--- GIVEN MATERIAL ---
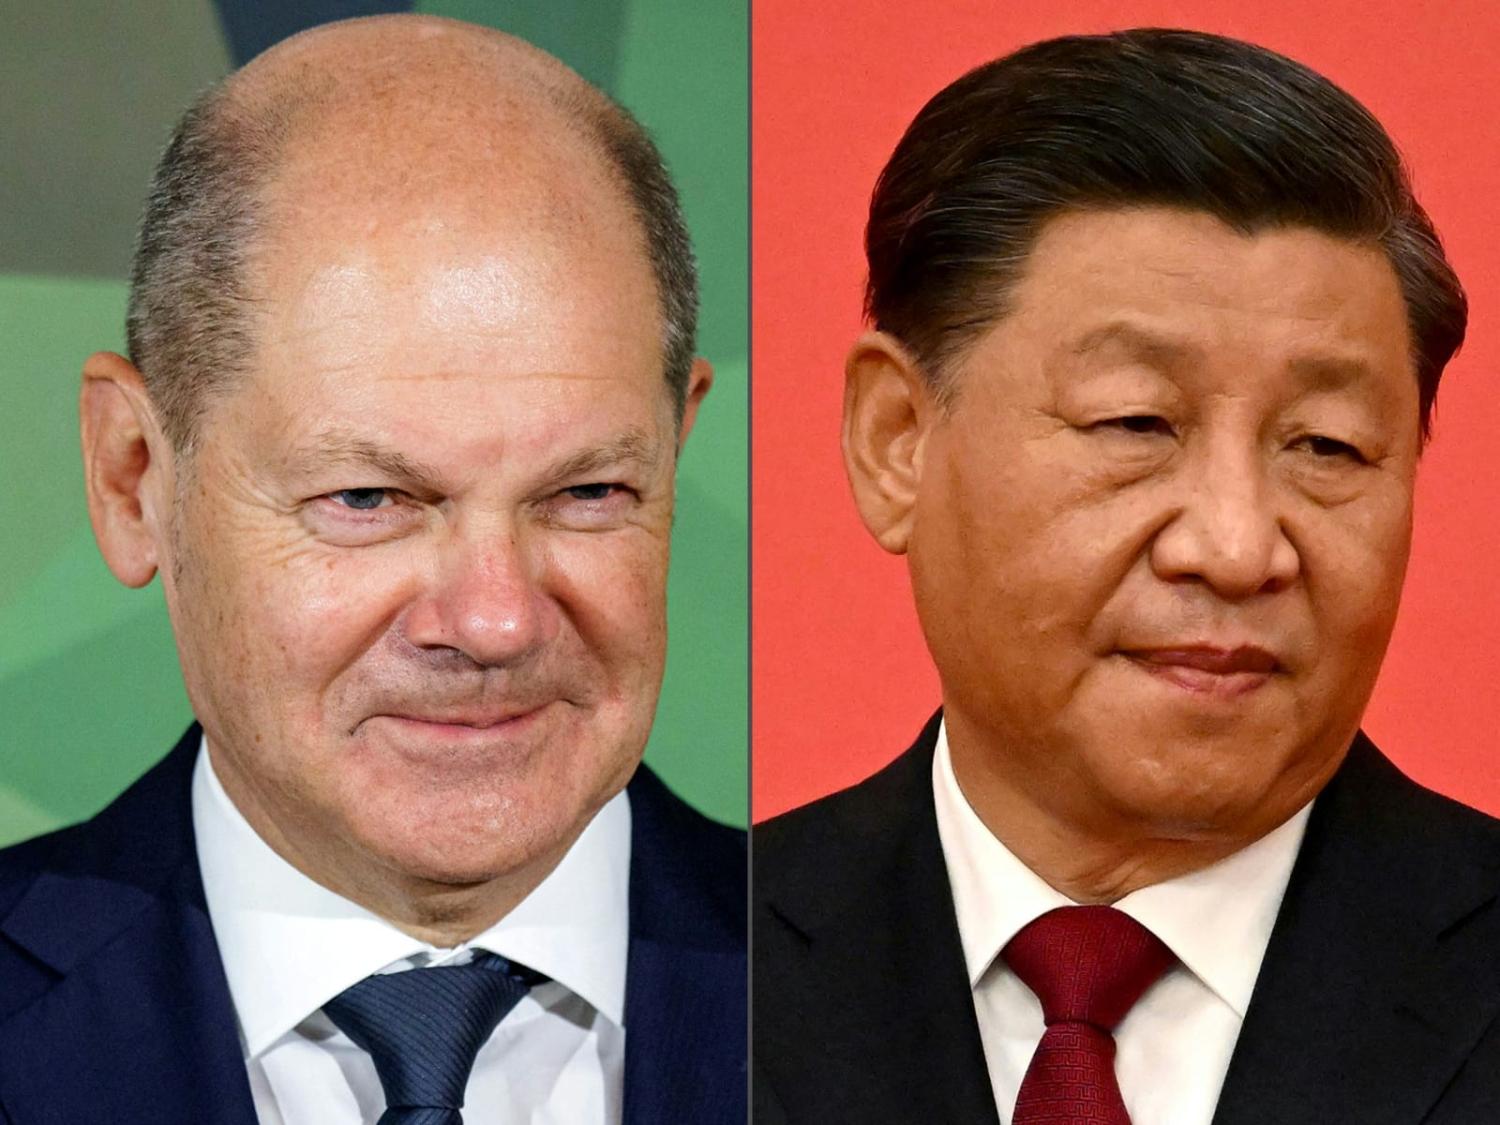 Olaf Scholz will bring in tow the CEOs of some of Germany’s biggest companies during a visit to China where he will also meet Xi Jinping (Jens Schlueter,Noel Celis/AFP via Getty Images)
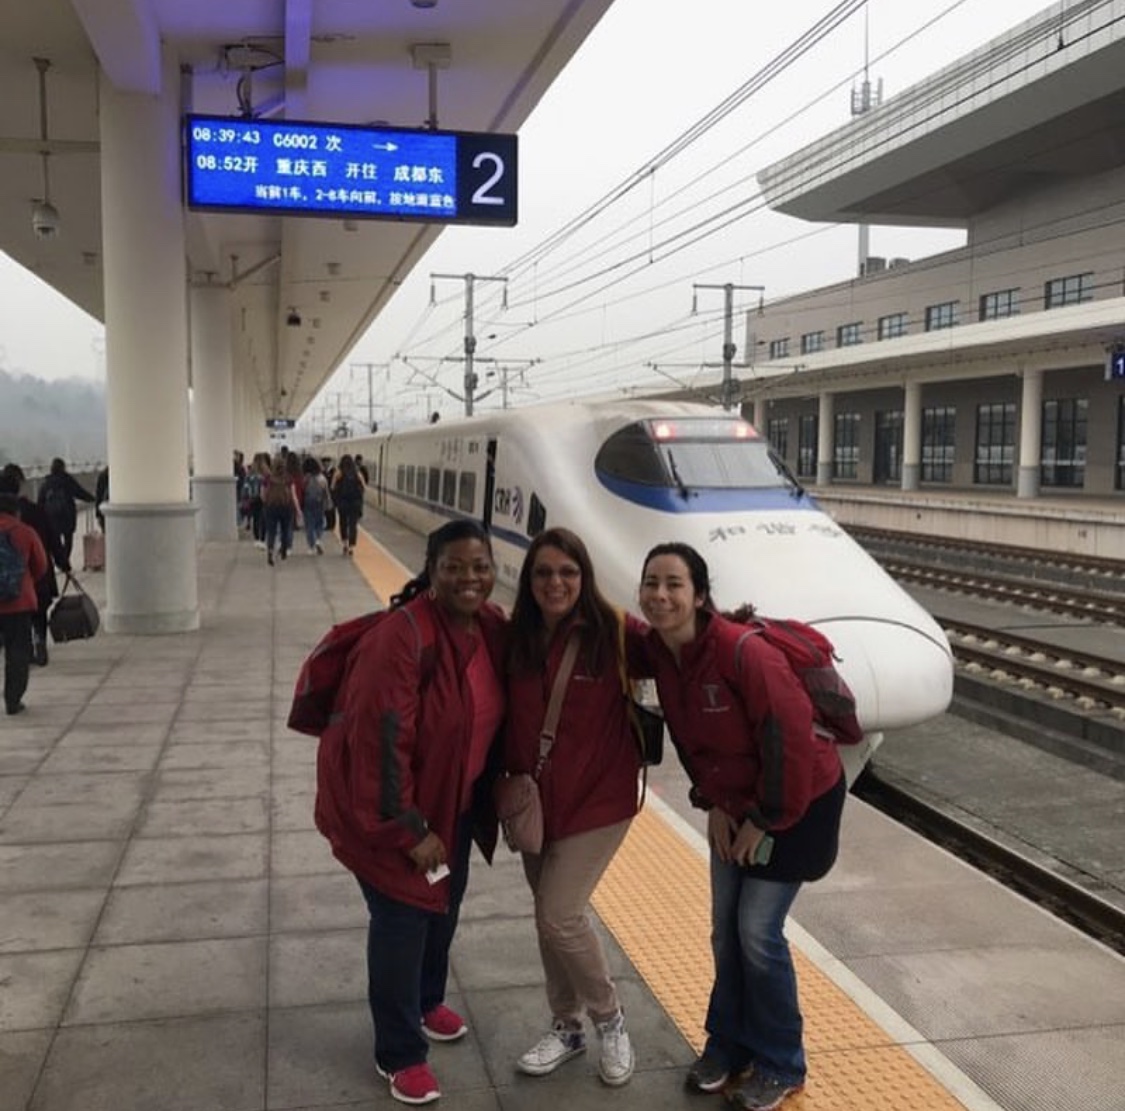 Dr. Price and her students getting ready to board the bullet train in China
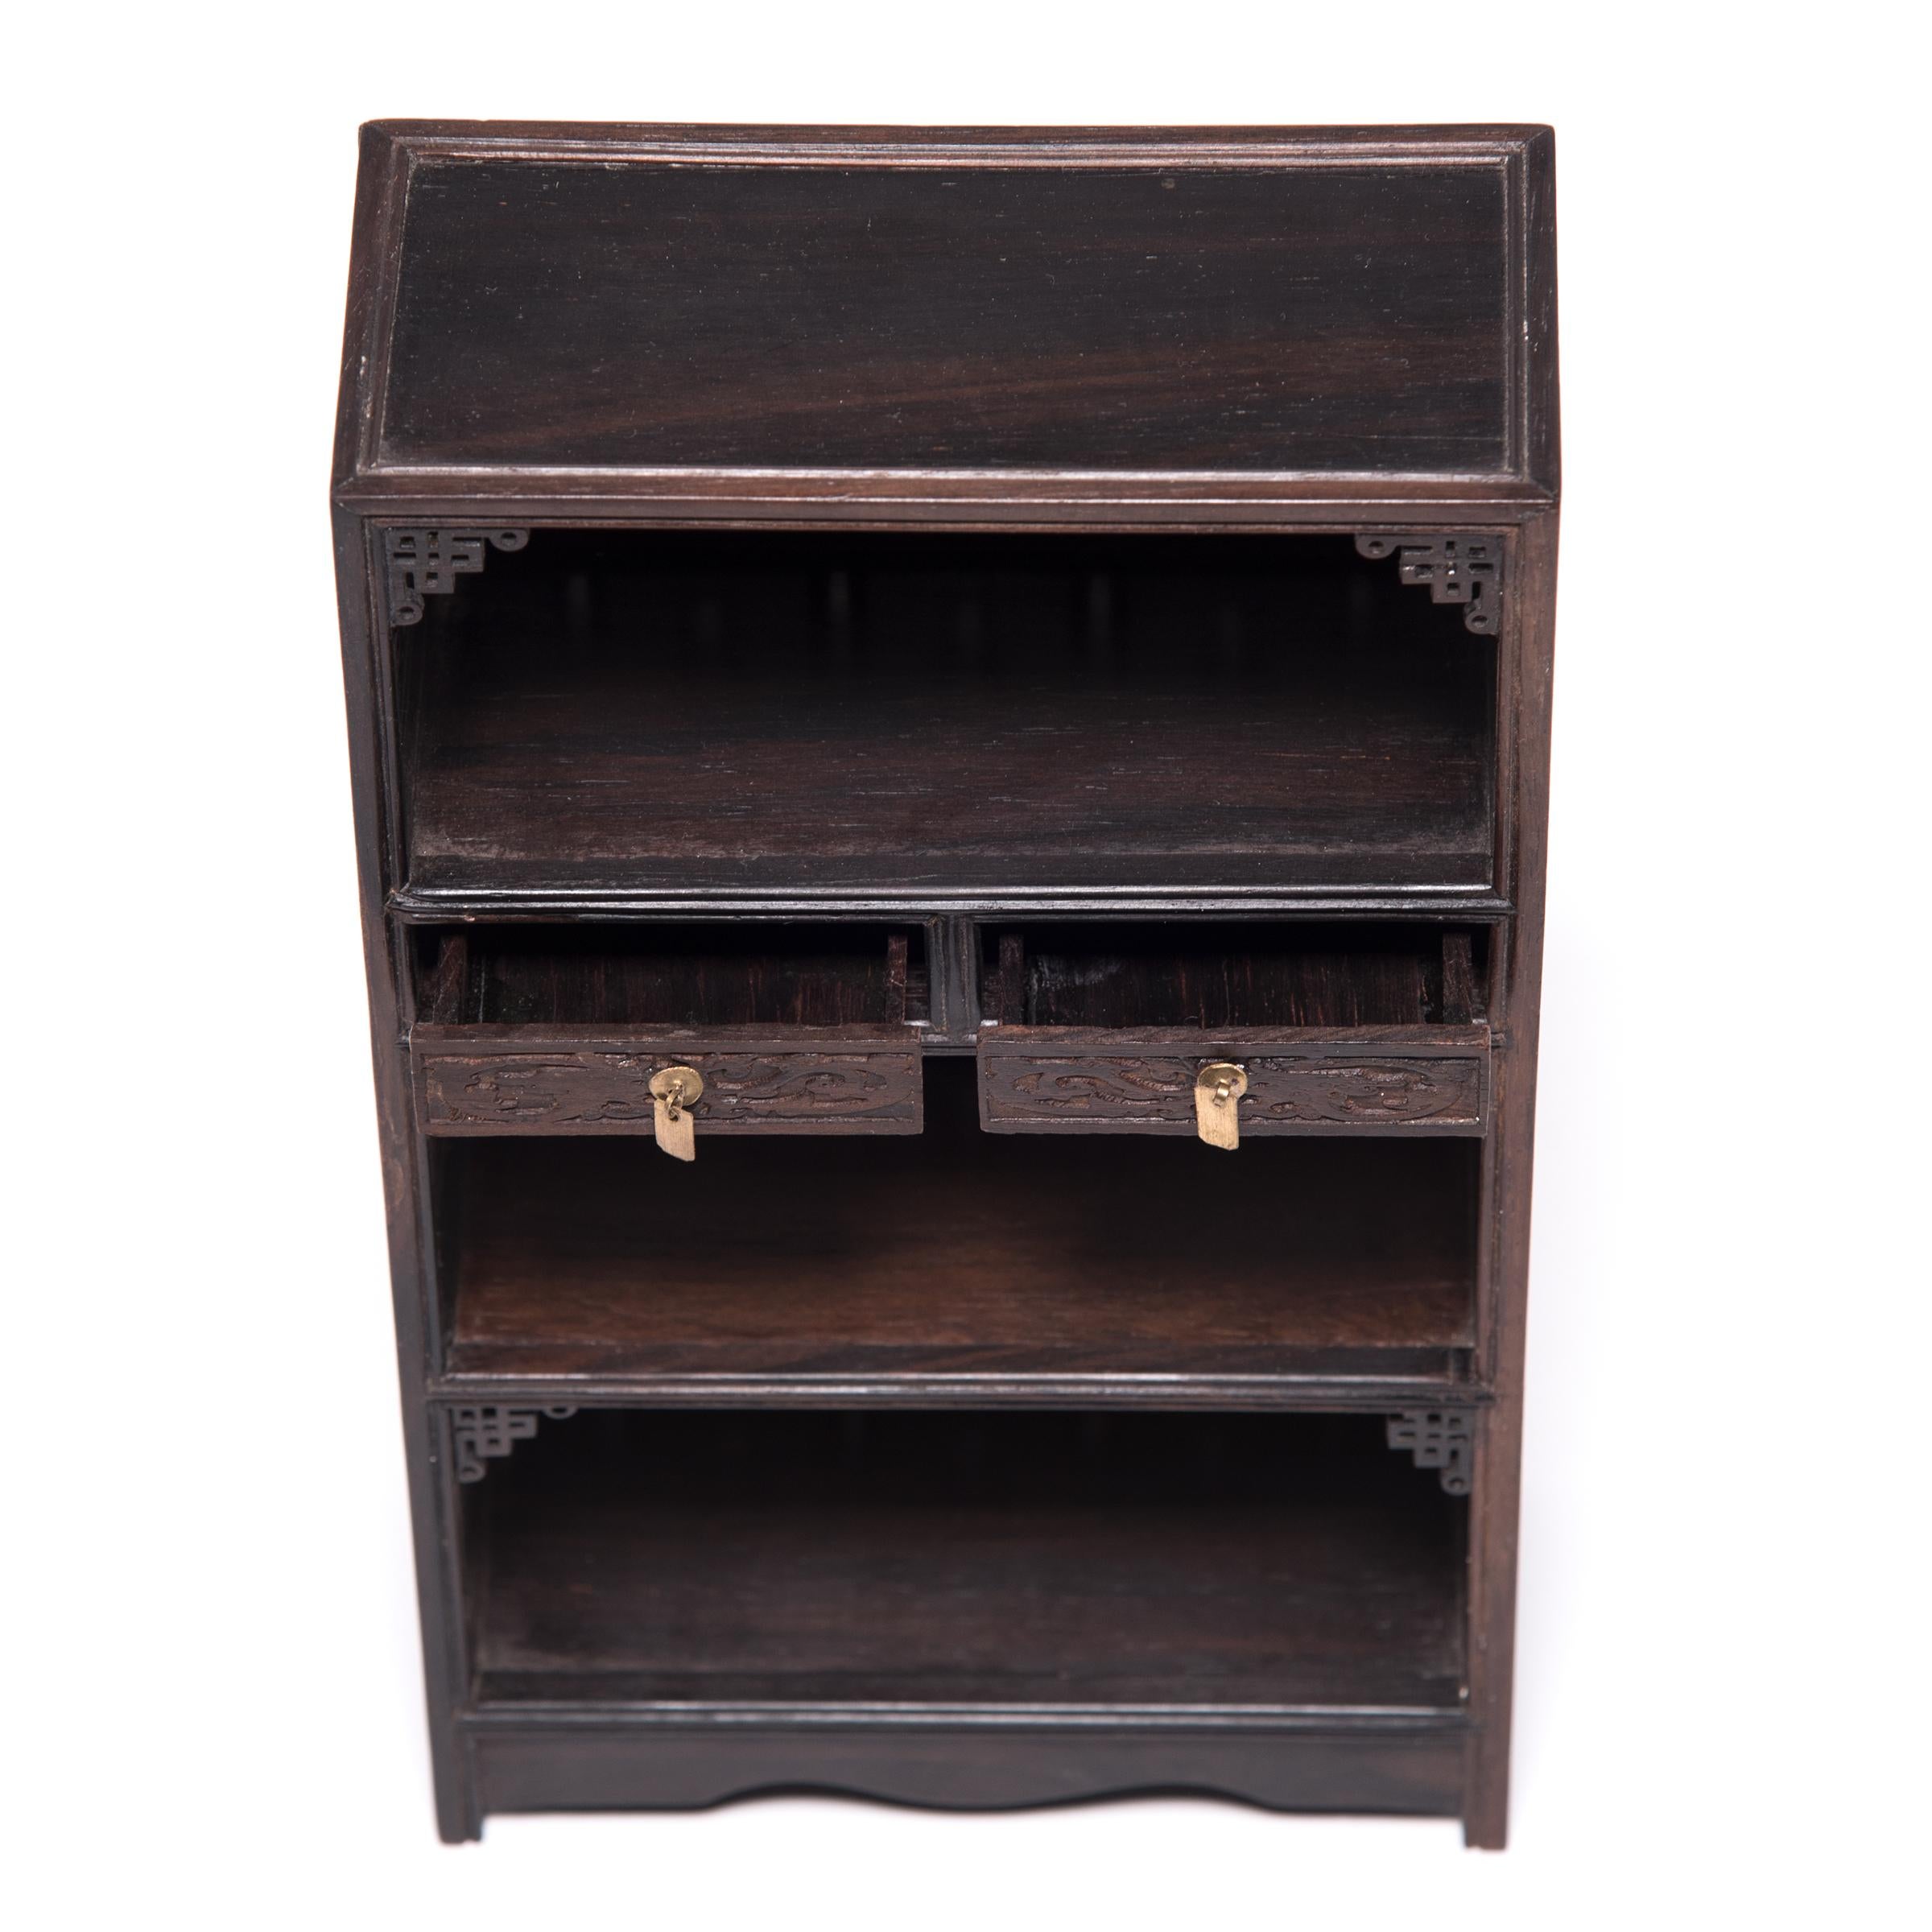 A full size bookcase with this level of workmanship and detail would be an incredible find, but this beautiful piece of furniture—at only nine inches tall—is perfectly constructed down to the tiniest minutia. The bookcase was made in northern China
---
Only the pictures may be dropped when you copy the data above; everything else stays exact.

 Olaf Scholz will bring in tow the CEOs of some of Germany’s biggest companies during a visit to China where he will also meet Xi Jinping (Jens Schlueter,Noel Celis/AFP via Getty Images)
 Dr. Price and her students getting ready to board the bullet train in China
 A full size bookcase with this level of workmanship and detail would be an incredible find, but this beautiful piece of furniture—at only nine inches tall—is perfectly constructed down to the tiniest minutia. The bookcase was made in northern China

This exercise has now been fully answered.